Real Money Investors

  • Real money investors are institutional investors, such as pension funds, insurance companies, and hedge funds, who invest in securitisations.
  • These investors are typically looking for investments that offer a steady stream of income and a low level of risk.

There are a number of applications of real money investors in securitisation, including:

  • To provide liquidity: Real money investors can provide liquidity to the securitisation market. This is because they are typically willing to buy and sell securitisations, which can help to keep the prices of securitisations stable.
  • To reduce risk: Real money investors can help to reduce the risk of securitisations. This is because they are typically well-diversified and have a long-term investment horizon.
  • To attract investors: Real money investors can help to attract investors to securitisations. This is because they are seen as a sign of quality and can help to boost the confidence of other investors.

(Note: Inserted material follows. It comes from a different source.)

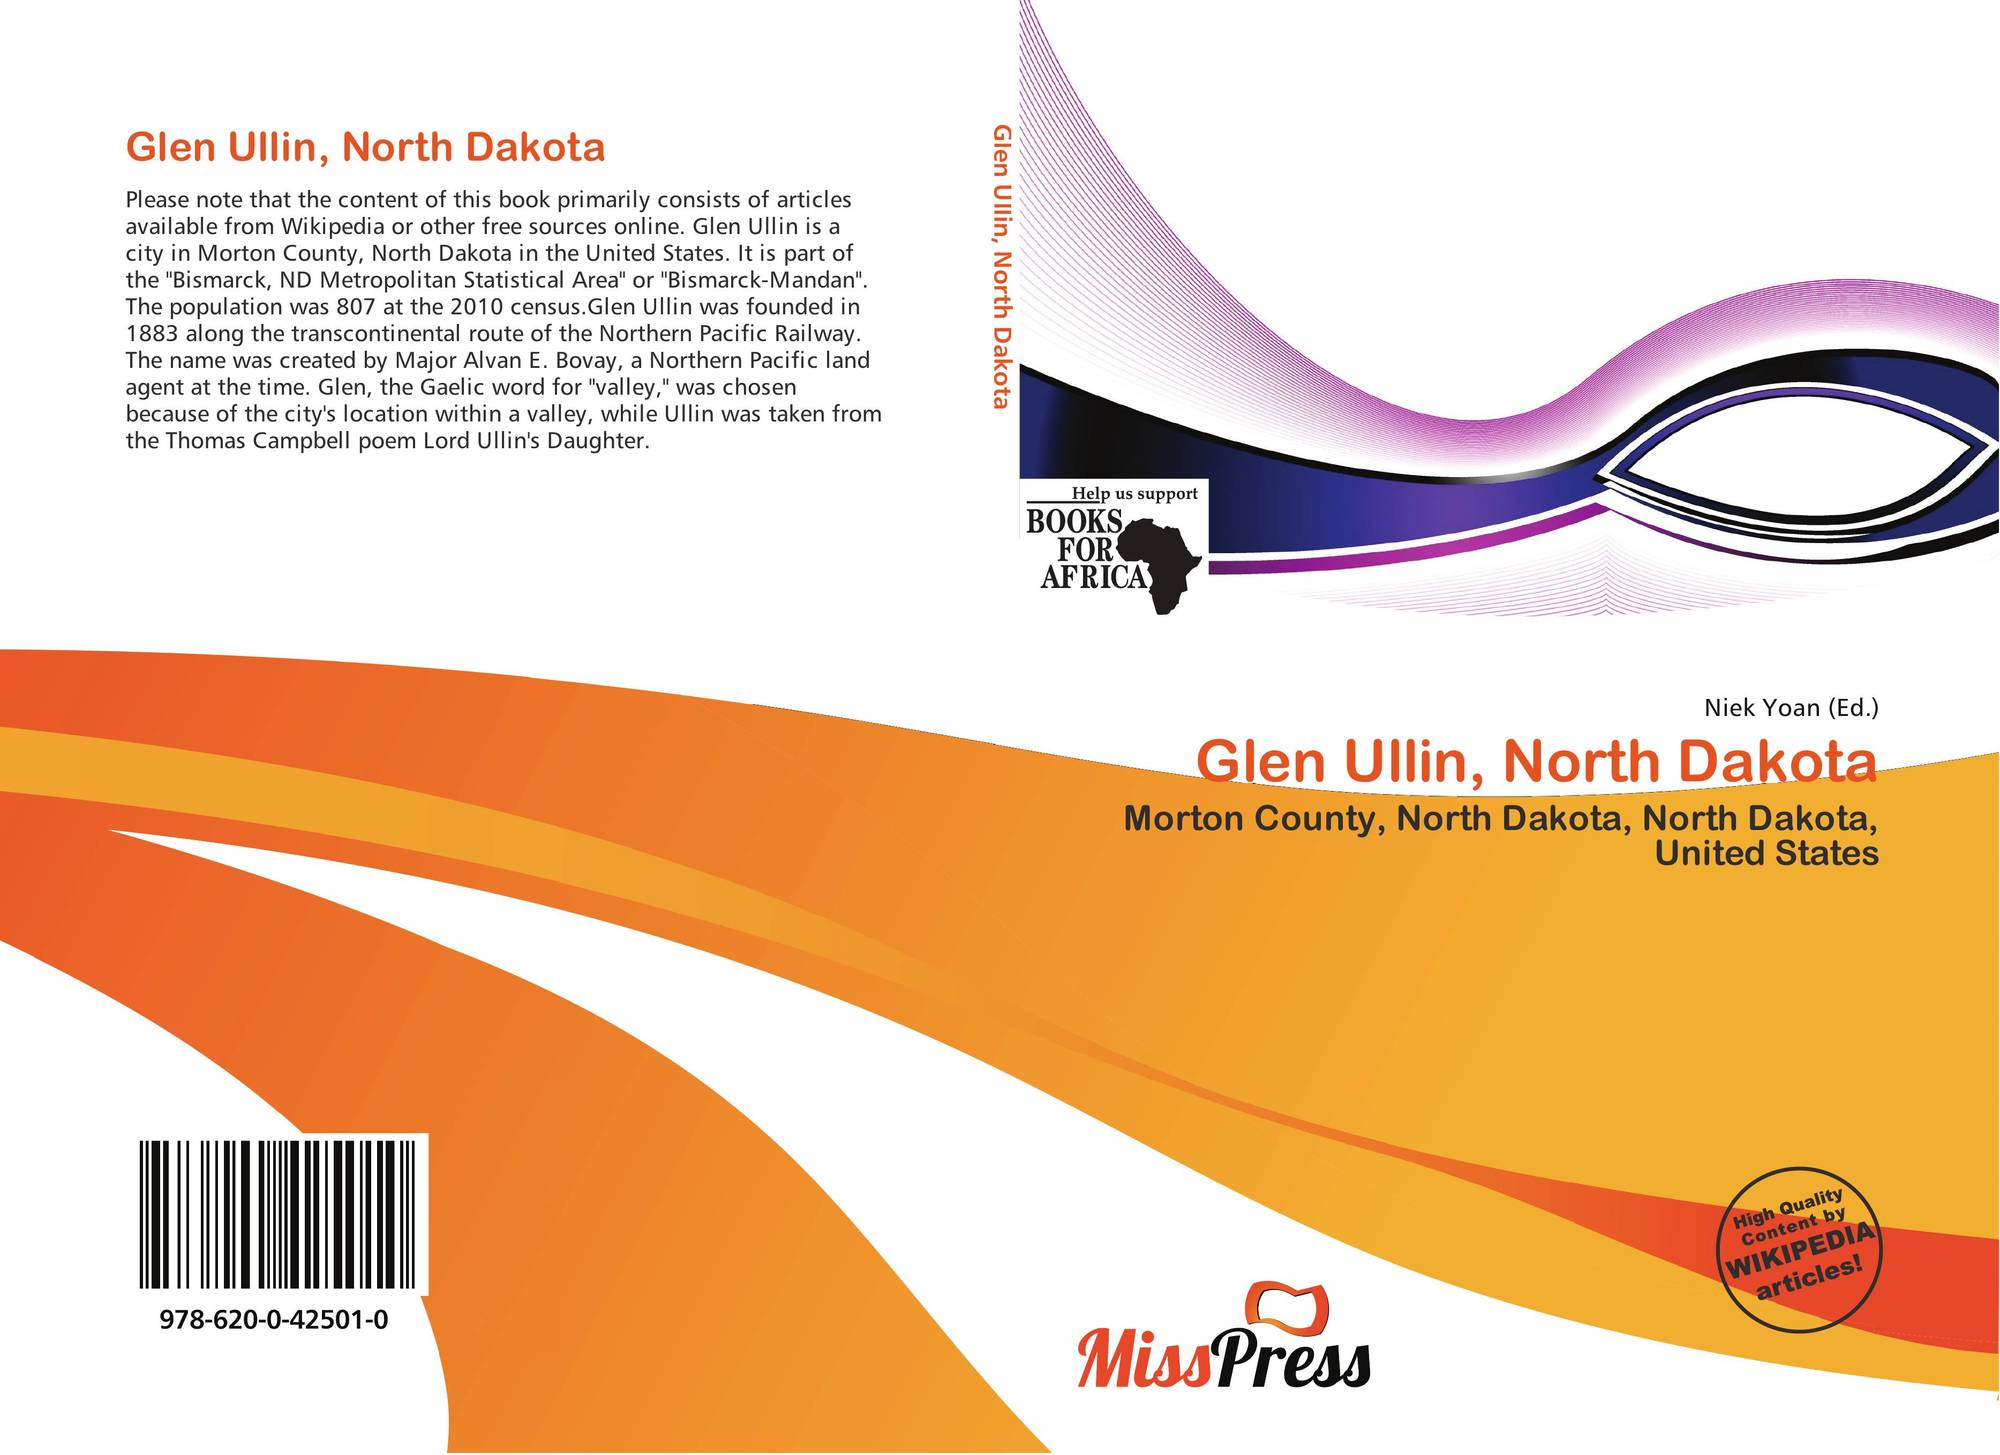 North dakota morton county glen ullin - Bookcover Of Glen Ullin North Dakota
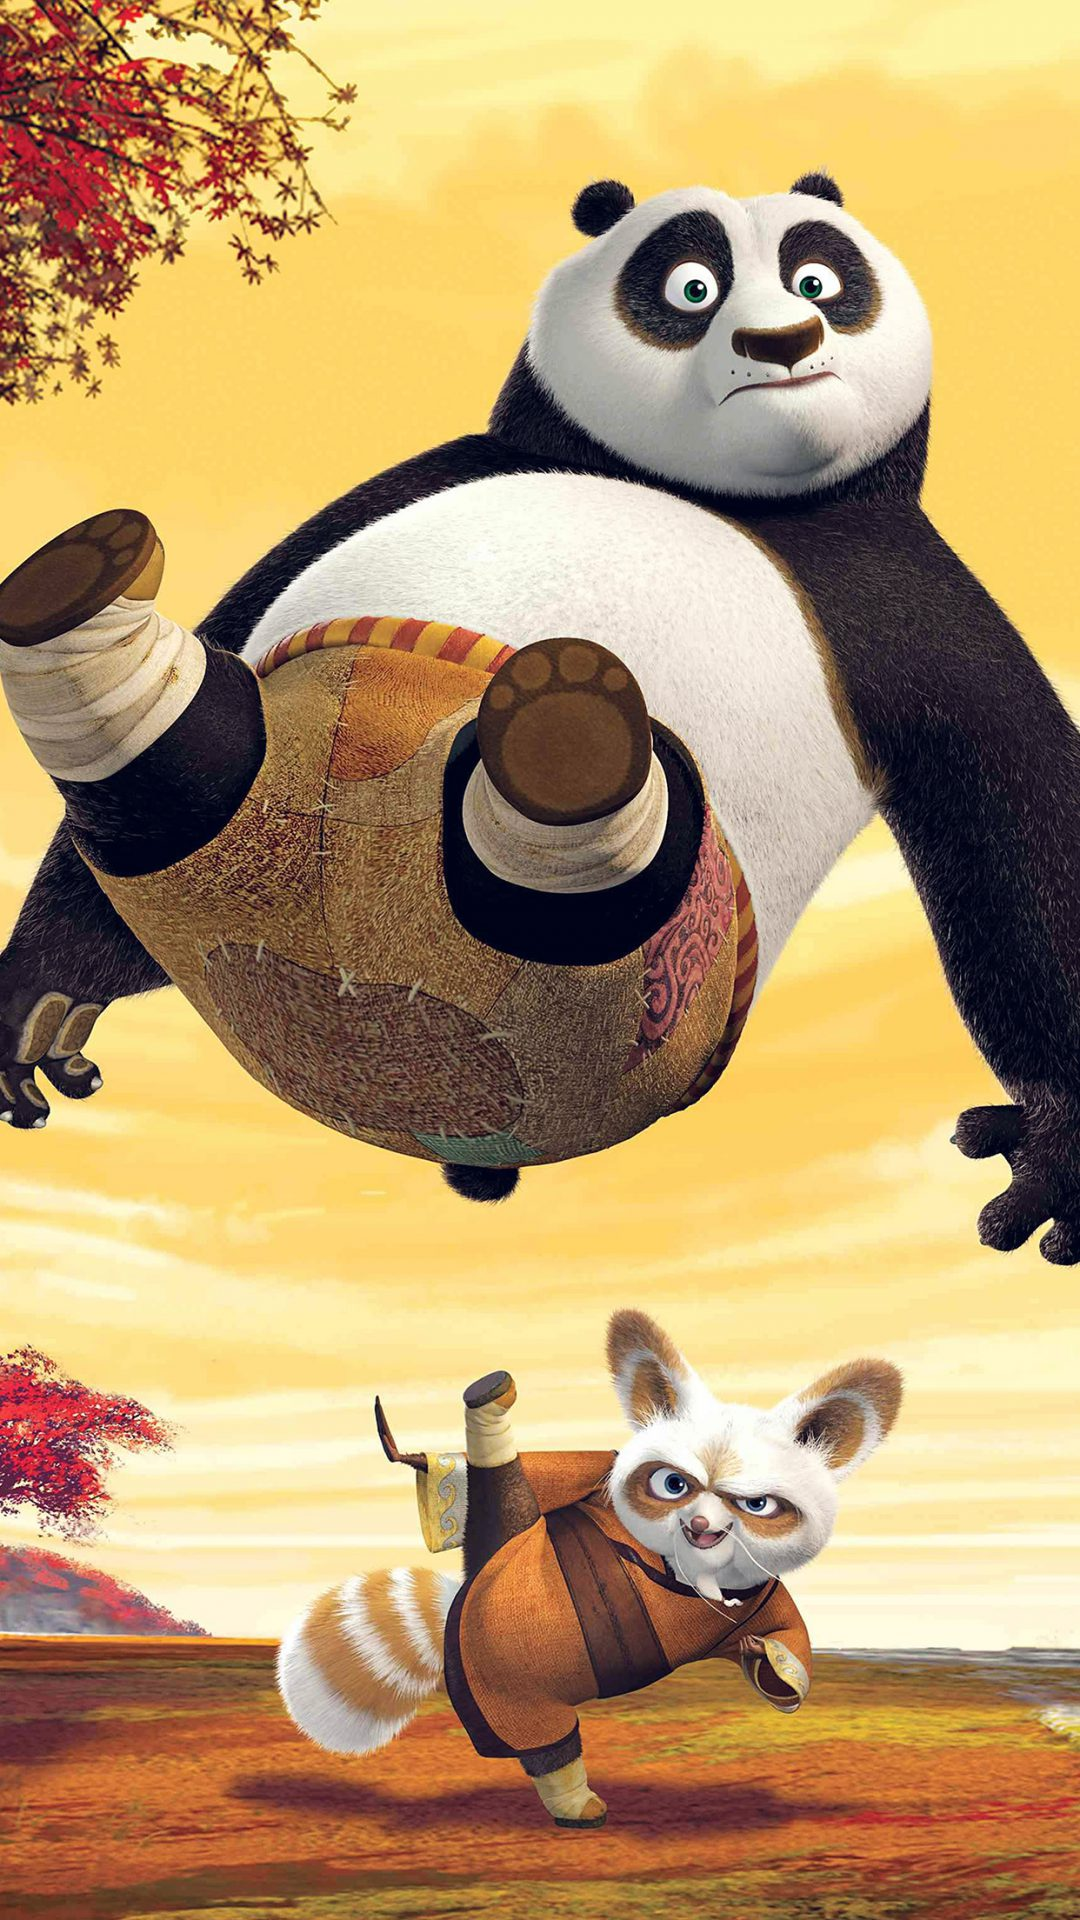 Kungfu Panda Dreamworks Art Kick Cute Anime

Here are some examples of how real money investors are used in securitisation:

  • Mortgage-backed securities: Real money investors are a major source of demand for mortgage-backed securities. These securities are typically issued by banks and other financial institutions, and they are backed by a pool of mortgages.
  • Collateralized debt obligations: Real money investors are also a major source of demand for collateralized debt obligations (CDOs). These securities are typically issued by investment banks and other financial institutions, and they are backed by a pool of debt instruments, such as mortgages, corporate bonds, and loans.

Real money investors play an important role in the securitisation market. They provide liquidity, reduce risk, and attract investors to securitisations.